Видимо, пора сформулировать, почему “густопишущий” автор так раздражает придирчивого критика. Я думаю, что иерархическое представление о структуре прозы, десятилетиями питавшееся не только практикой соц. реализма, но и настоятельным примером самого имперского общества, держится в умах гораздо крепче, чем мы способны себе вообразить. Видимо, в этих подспудных мыслеобразах большую роль играет архитектура. У здания — скажем, у романа — должны быть несущая конструкция (фабула), хорошие пропорции (композиция), привязка к местности (то, что сейчас называют “формат”). С этой точки зрения художественная деталь не более чем декор: уберите лепнину — и здание по-прежнему будет стоять и выполнять свое предназначение. Есть даже особый шик в том, чтобы обходиться без лишних финтифлюшек: выразительность линий и функциональность планировки — вот качество современной прозы, к которым стремится разумный, думающий несколько по-английски русский минималист.
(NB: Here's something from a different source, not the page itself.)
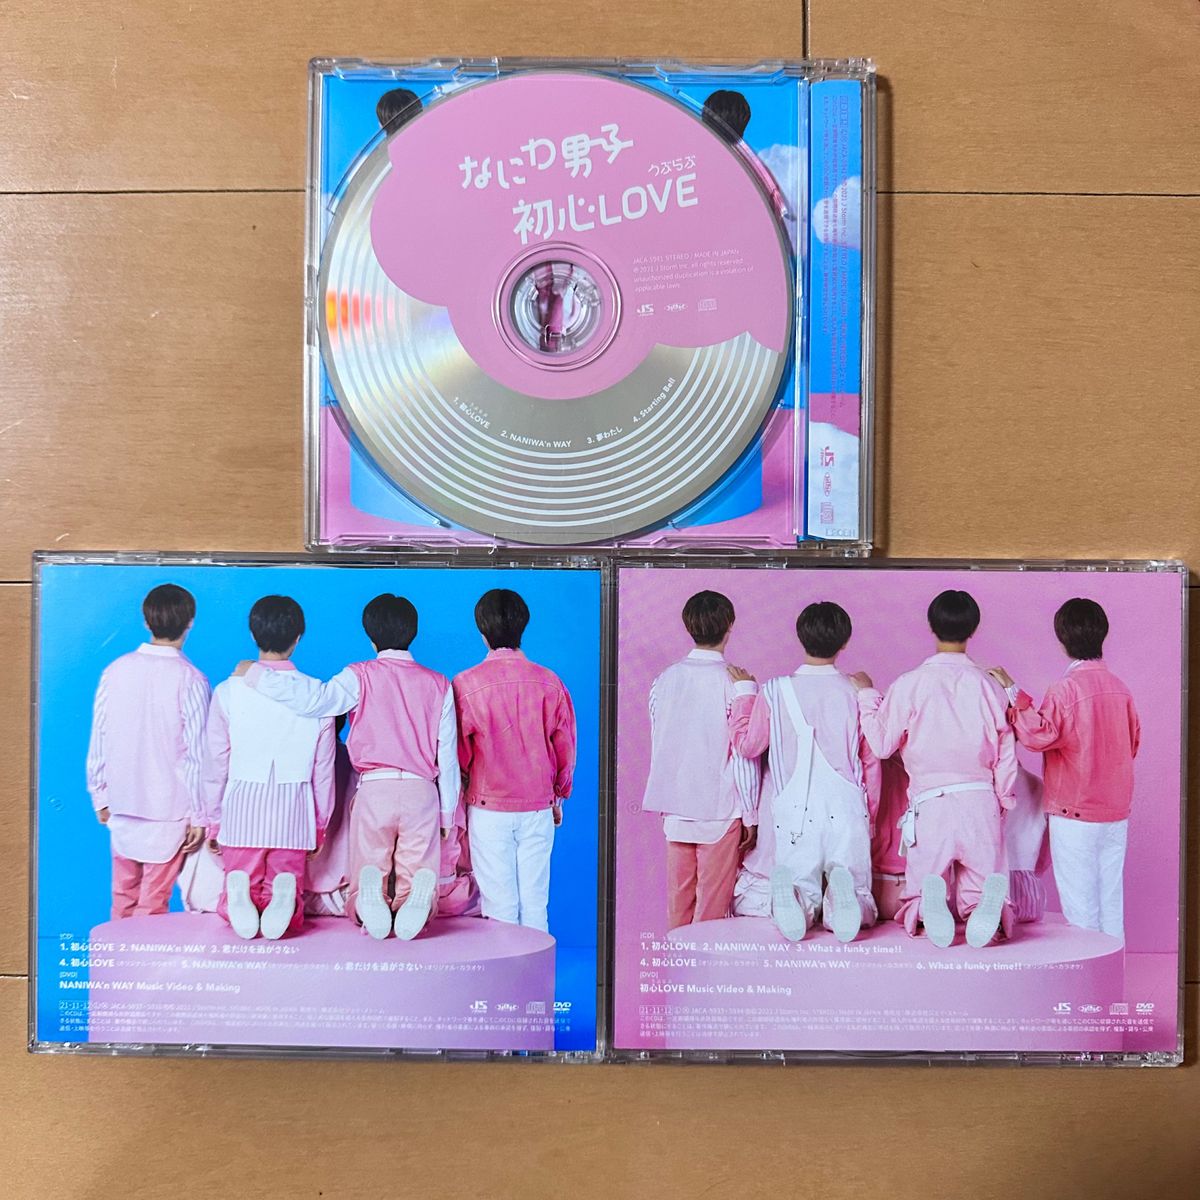 なにわ男子 CD DVD 初心love 通常盤 初回限定盤 セット

Густая проза разрушает привычную соподчиненность уровней текста: она скорее биологична, нежели архитектурна. Еще раз процитирую Александра Гениса: “Прозу Татьяны Толстой отличает редкое качество — своеобразное биофильство. Подобное “спонтанное зарождение жизни” больше всего ценил у Гоголя Набоков, ибо оно обеспечивает литературе, писал он, “огромный, бурлящий, высокопоэтический фон, который и создает подлинную драму”. Такой драмой мир Толстой обеспечивается густо записанным задником. Здесь разворачиваются, не сопровождая, не иллюстрируя, не соответствуя, а просто сопутствуя действию, замечательные по своей повествовательной энергетичности живые картины, каждая из которых являет собой свернутую в тугой клубок сказку”. Эта цитата-матрешка для меня существенна тем, что в сжатом виде прослеживает корни “биофильства” в русской литературе. Однако же Генис, не расставшийся с иерархическими мыслями о прозе, видит в текстах Толстой задний и передний планы, весьма друг от друга независимые, причем на переднем плане предметы и люди якобы “настоящие”, а на заднике “нарисованные”. Тем самым постулируются два разных и неравноценных уровня условности текста: есть собственно сюжет и есть “сказки в рассказе”, вместе они создают, как это бывает на сцене театра или в музейной панораме, иллюзию подлинного пространства, надо только внутренне с этим согласиться и немного прищурить глаза.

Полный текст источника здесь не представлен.